У Райского с ума не шла Вера.

«Где она теперь, что делает одна? Отчего она не поехала с бабушкой и отчего бабушка даже не позвала ее?» – задавал он себе вопросы.

Несмотря на данное себе слово не заниматься ею, не обращать на нее внимания, а поступать с ней как с «ничтожной девочкой», он не мог отвязаться от мысли о ней.

Он нарочно станет думать о своих петербургских связях, о приятелях, о художниках, об академии, о Беловодовой – переберет два-три случая в памяти, два-три лица, а четвертое лицо выйдет – Вера. Возьмет бумагу, карандаш, сделает два-три штриха – выходит ее лоб, нос, губы. Хочет выглянуть из окна в сад, в поле, а глядит на ее окно: «поднимает ли белая ручка лиловую занавеску», как говорит справедливо Марк. И почем он знает? Как будто кто-нибудь подглядел да сказал ему!

Закипит ярость в сердце Райского, хочет он мысленно обратить проклятие к этому неотступному образу Веры, а губы не повинуются, язык шепчет страстно ее имя, колена гнутся, и он закрывает глаза и шепчет:

– Вера, Вера, – никакая красота никогда не жгла меня язвительнее, я жалкий раб твой…

– Вздор, нелепость, сентиментальность! – скажет, очнувшись, потом.

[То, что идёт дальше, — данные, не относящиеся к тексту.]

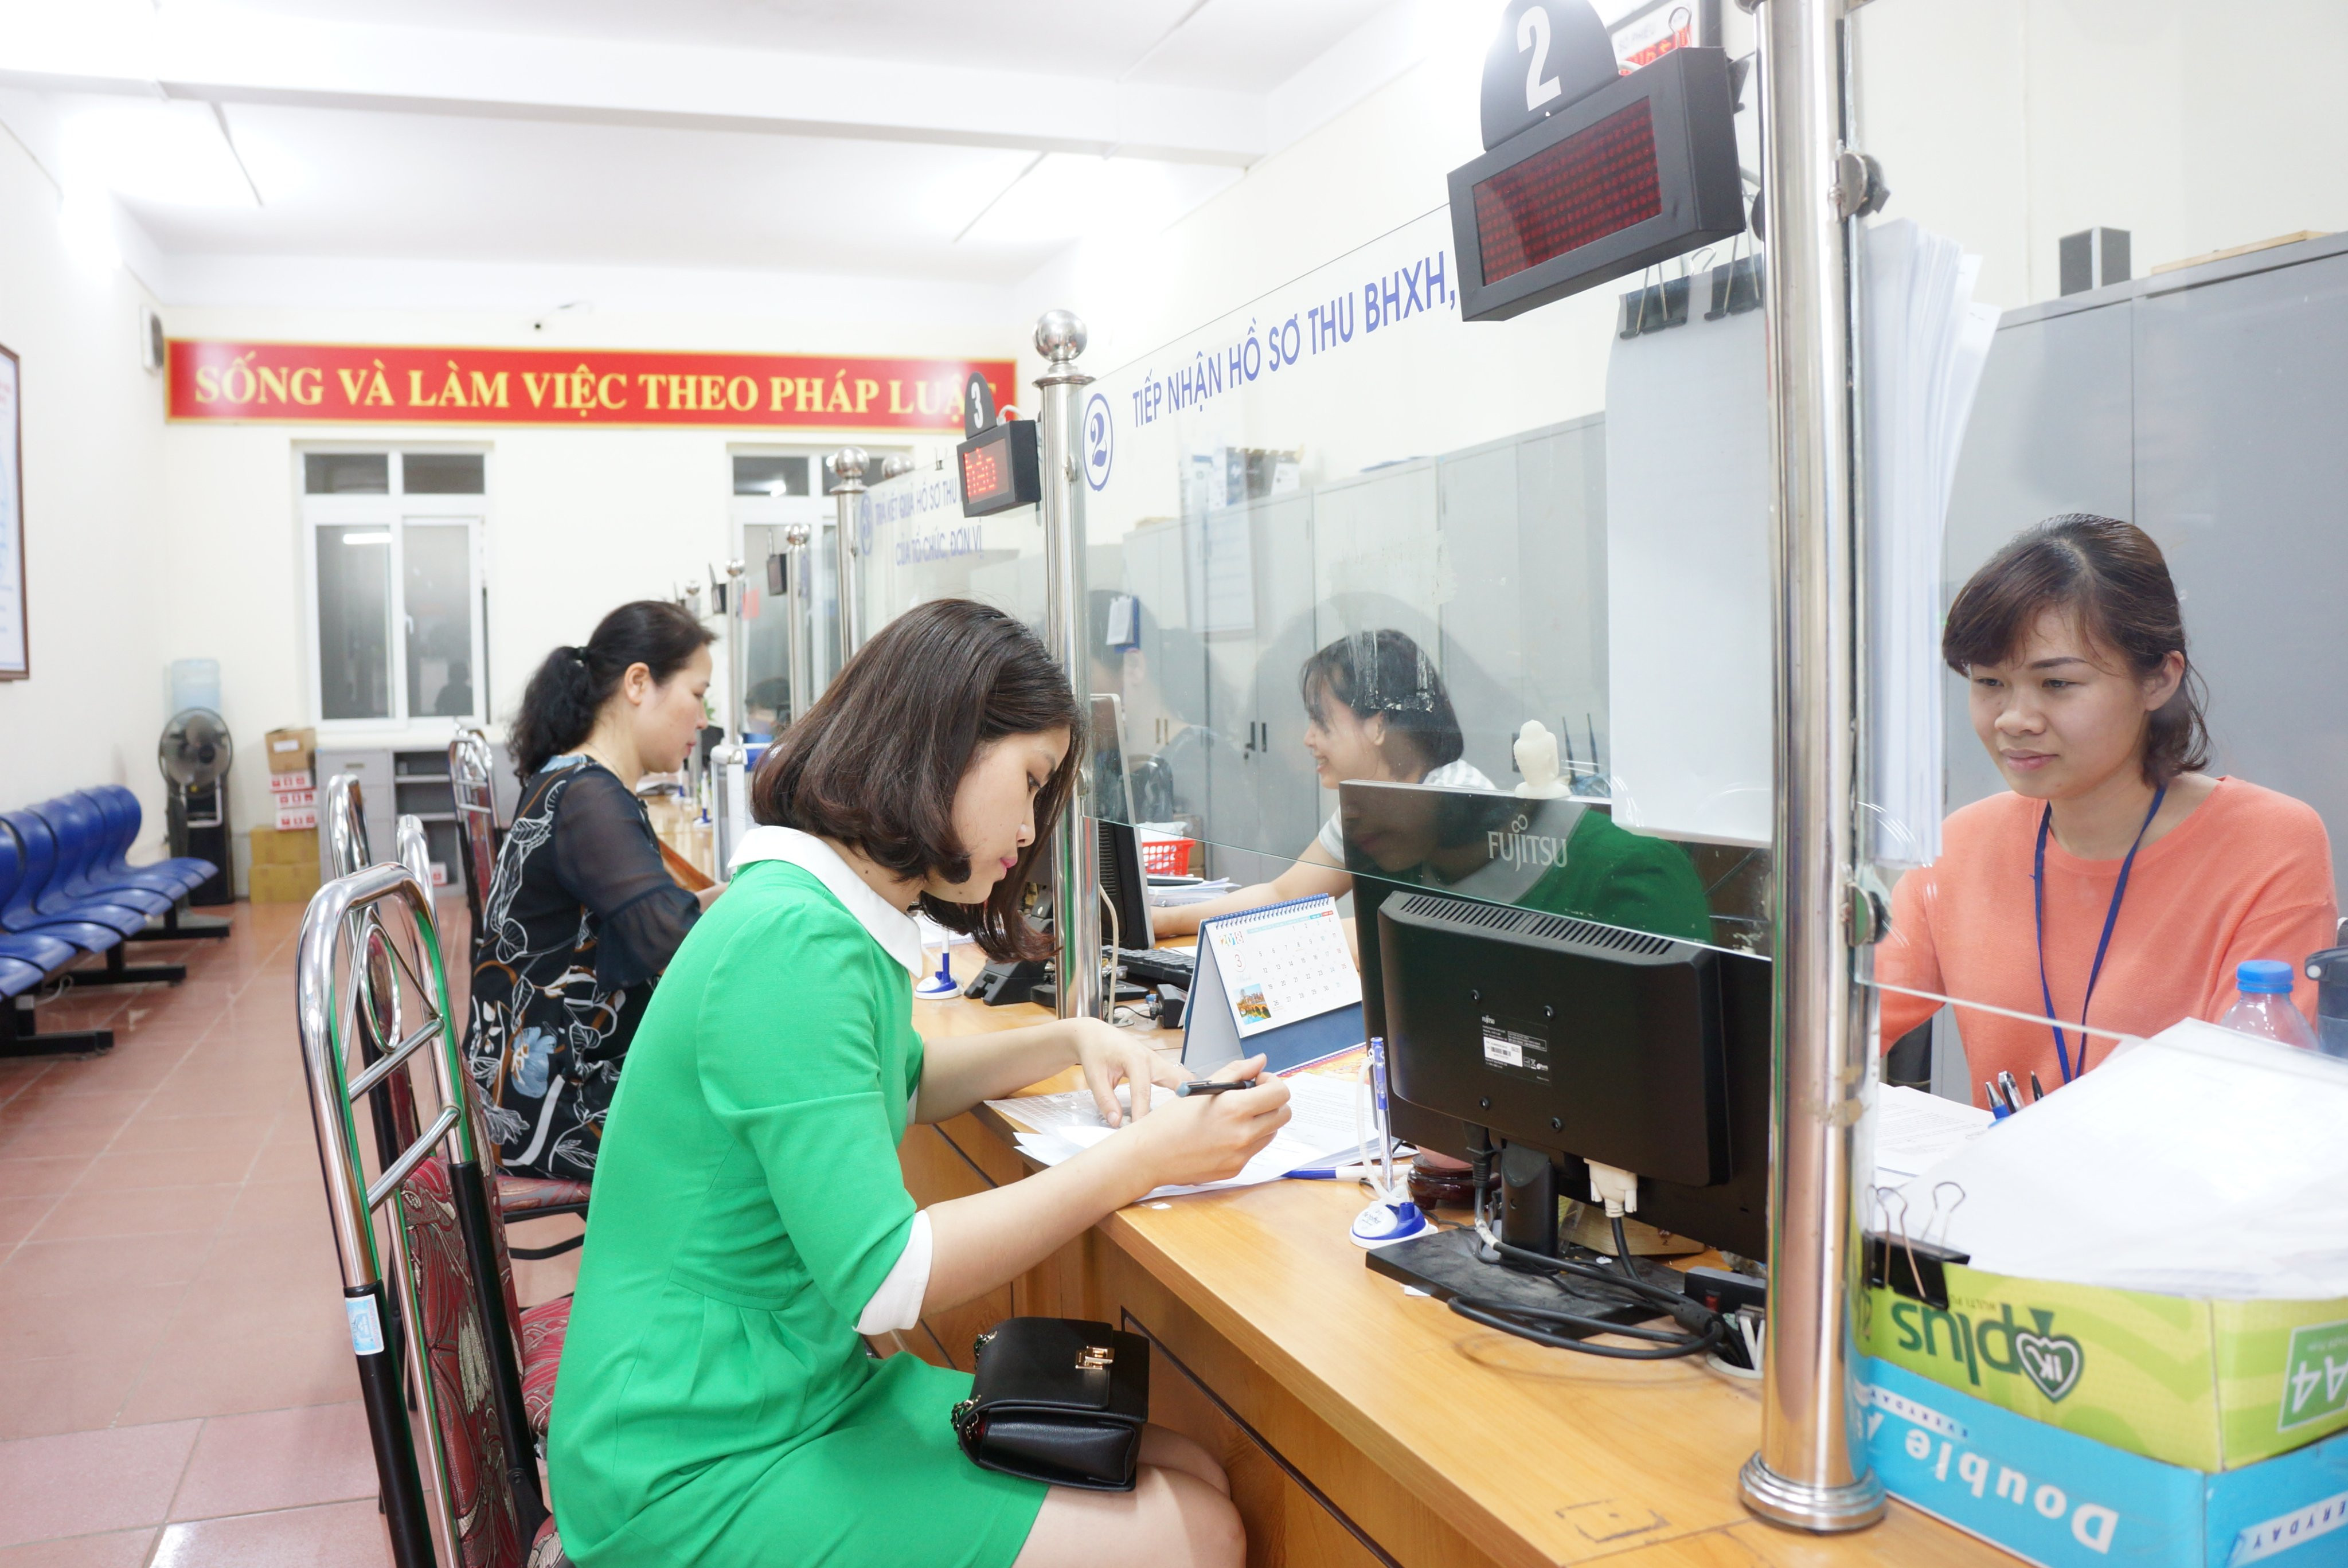 Bộ TTHC của Ngành BHXH Việt Nam được cắt giảm từ 114 TTHC (năm 2015) đến nay còn 25 TTHC, giảm đáng kể thời gian, chi phí cho doanh nghiệp và người dân

– Пойду к ней, надо объясниться. Где она? Ведь это любопытство – больше ничего: не любовь же в самом деле!.. – решил он.

Он взял фуражку и побежал по всему дому, хлопая дверями, заглядывая во все углы. Веры не было, ни в ее комнате, ни в старом доме, ни в поле не видать ее, ни в огородах. Он даже поглядел на задний двор, но там только Улита мыла какую-то кадку, да в сарае Прохор лежал на спине плашмя и спал под тулупом, с наивным лицом и открытым ртом.

Он прошел окраины сада, полагая, что Веру нечего искать там, где обыкновенно бывают другие, а надо

343

забираться в глушь, к обрыву, по скату берега, где она любила гулять. Но нигде ее не было, и он пошел уже домой, чтоб спросить кого-нибудь о ней, как вдруг увидел ее сидящую в саду, в десяти саженях от дома.

– Ах! – сказал он, – ты тут, а я ищу тебя по всем углам…

– А я вас жду здесь… – отвечала она.

На него вдруг будто среди зимы пахнуло южным ветром.

– Ты ждешь меня! – произнес он не своим голосом, глядя на нее с изумлением и страстными до воспаления глазами. – Может ли это быть?

– Отчего же нет? ведь вы искали меня…

– Да, я хотел объясниться с тобой.

– И я с вами.

– Что же ты хотела сказать мне?

– А вы мне что?

– Сначала скажи ты, а потом я…

– Нет, вы скажите, а потом я…

– Хорошо, – оказал он, подумавши, и сел около нее, – я хотел спросить тебя, зачем ты бегаешь от меня?

– А я хотела спросить, зачем вы меня преследуете?

Райский упал с облаков.

– И только? – сказал он.

– Пока только: посмотрю, что вы скажете?

– Но я не преследую тебя: скорее удаляюсь, даже мало говорю…

– Есть разные способы преследовать, cousin: вы избрали самый неудобный для меня…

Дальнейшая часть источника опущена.